Restate the listing below word for word, pictures excluded.

• DATA:
_ _ _
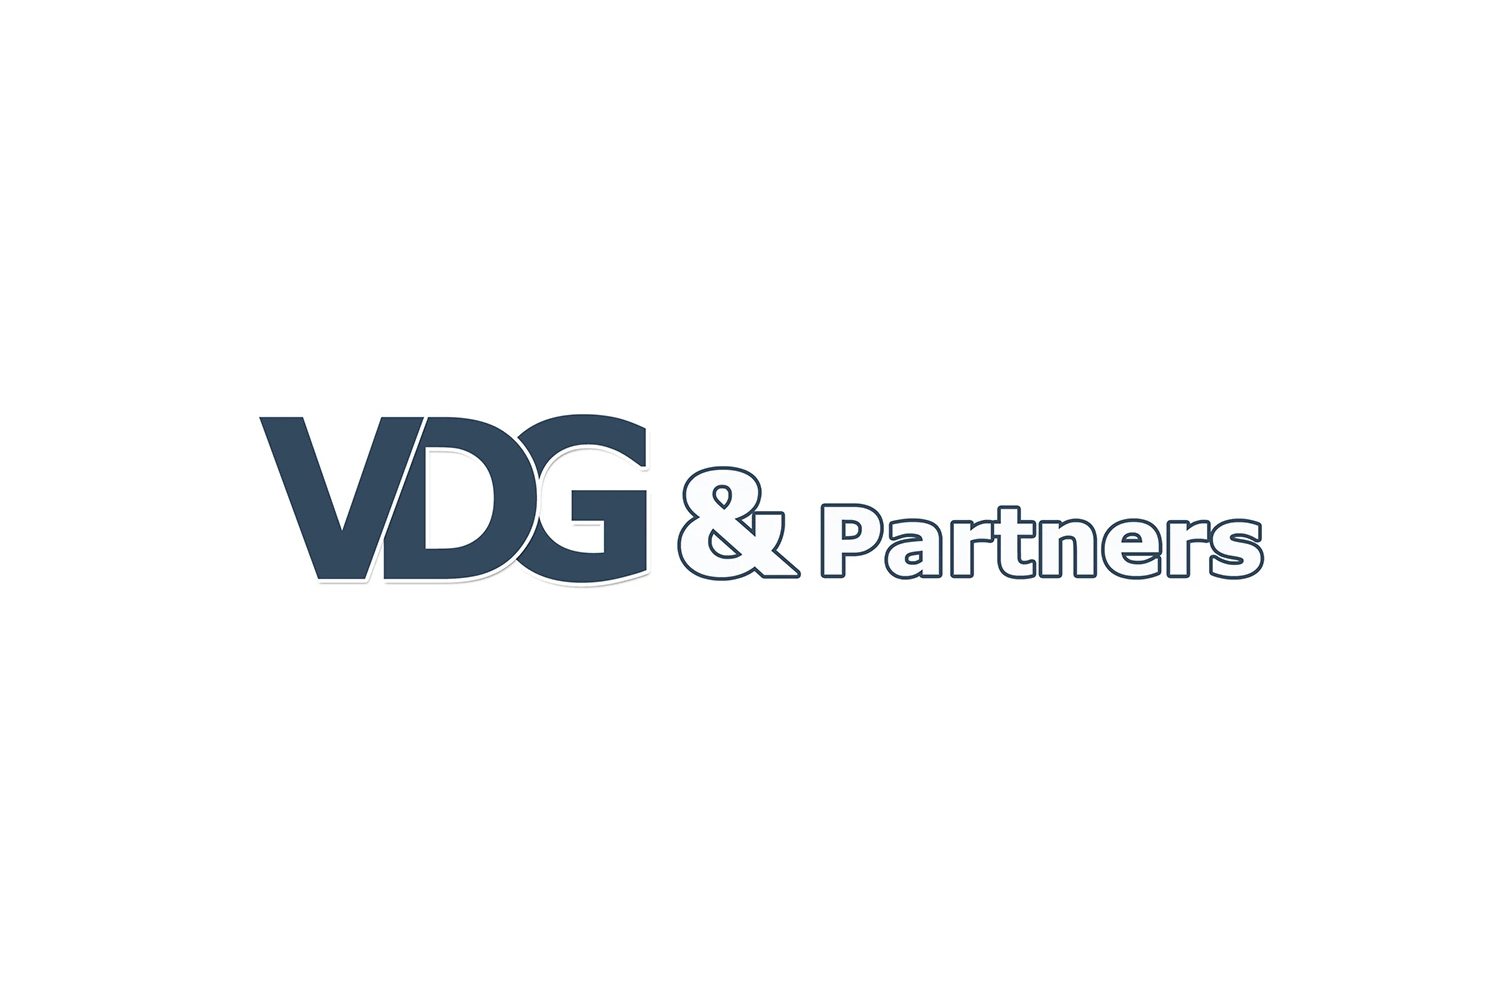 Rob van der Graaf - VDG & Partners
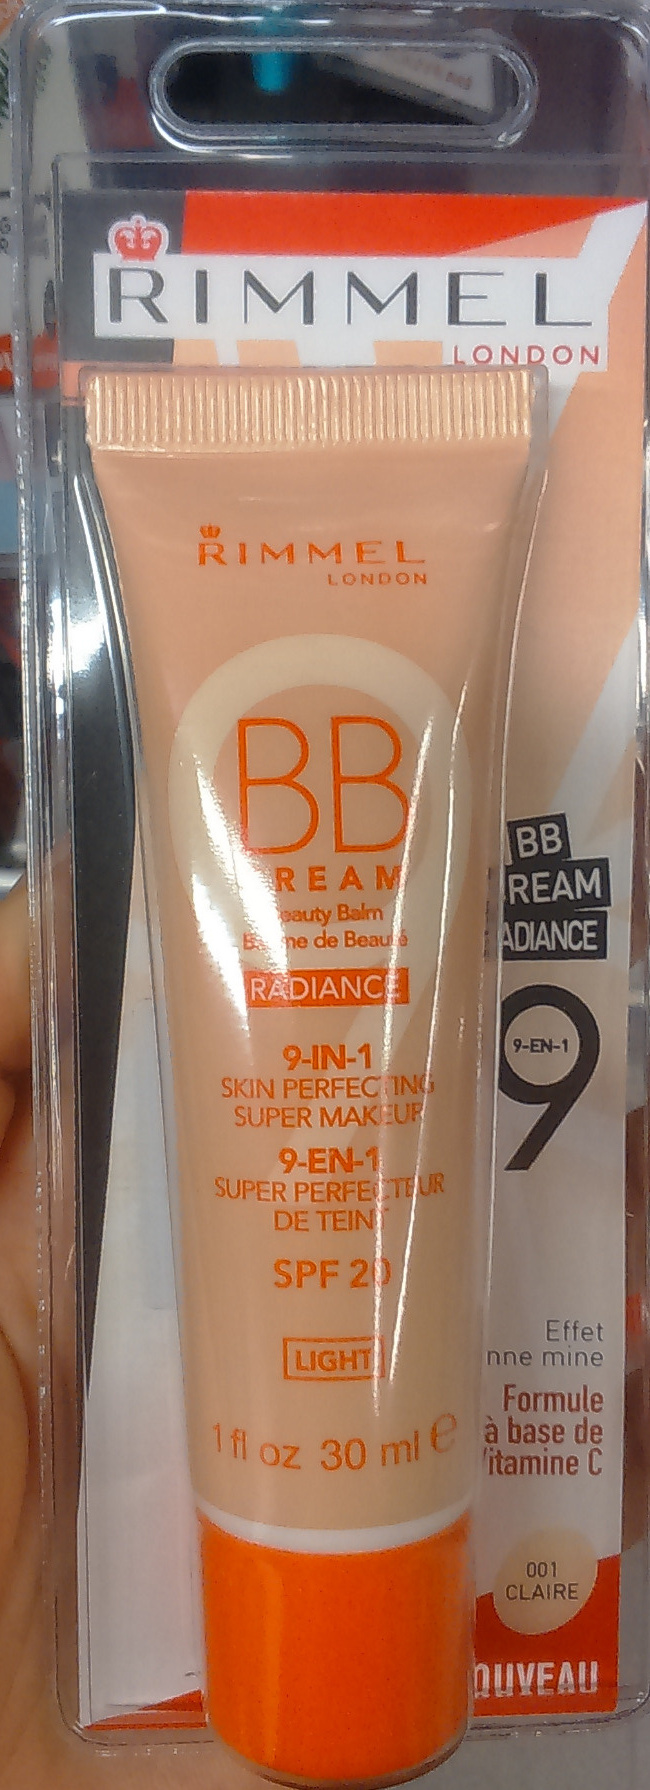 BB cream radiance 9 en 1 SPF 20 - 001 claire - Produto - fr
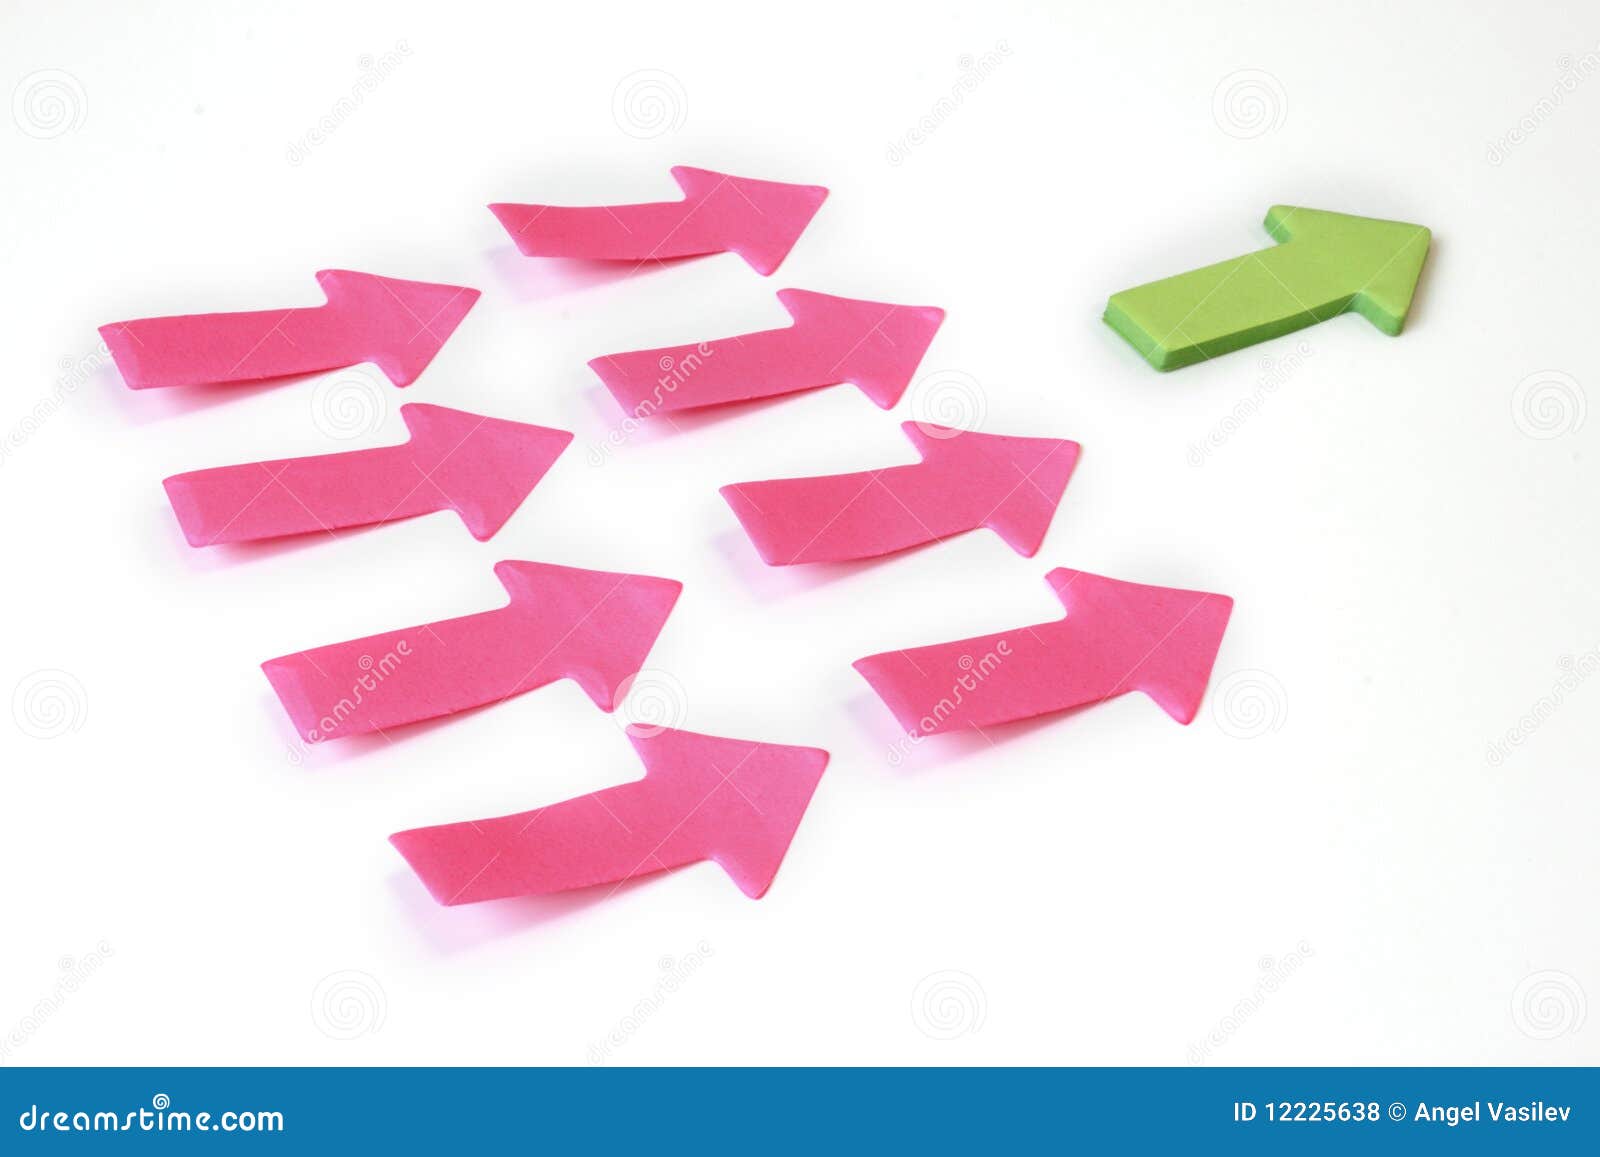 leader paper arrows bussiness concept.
_ _ _
• ANSWER TO THIS TASK:
 Rob van der Graaf - VDG & Partners
 BB cream radiance 9 en 1 SPF 20 - 001 claire - Produto - fr
 leader paper arrows bussiness concept.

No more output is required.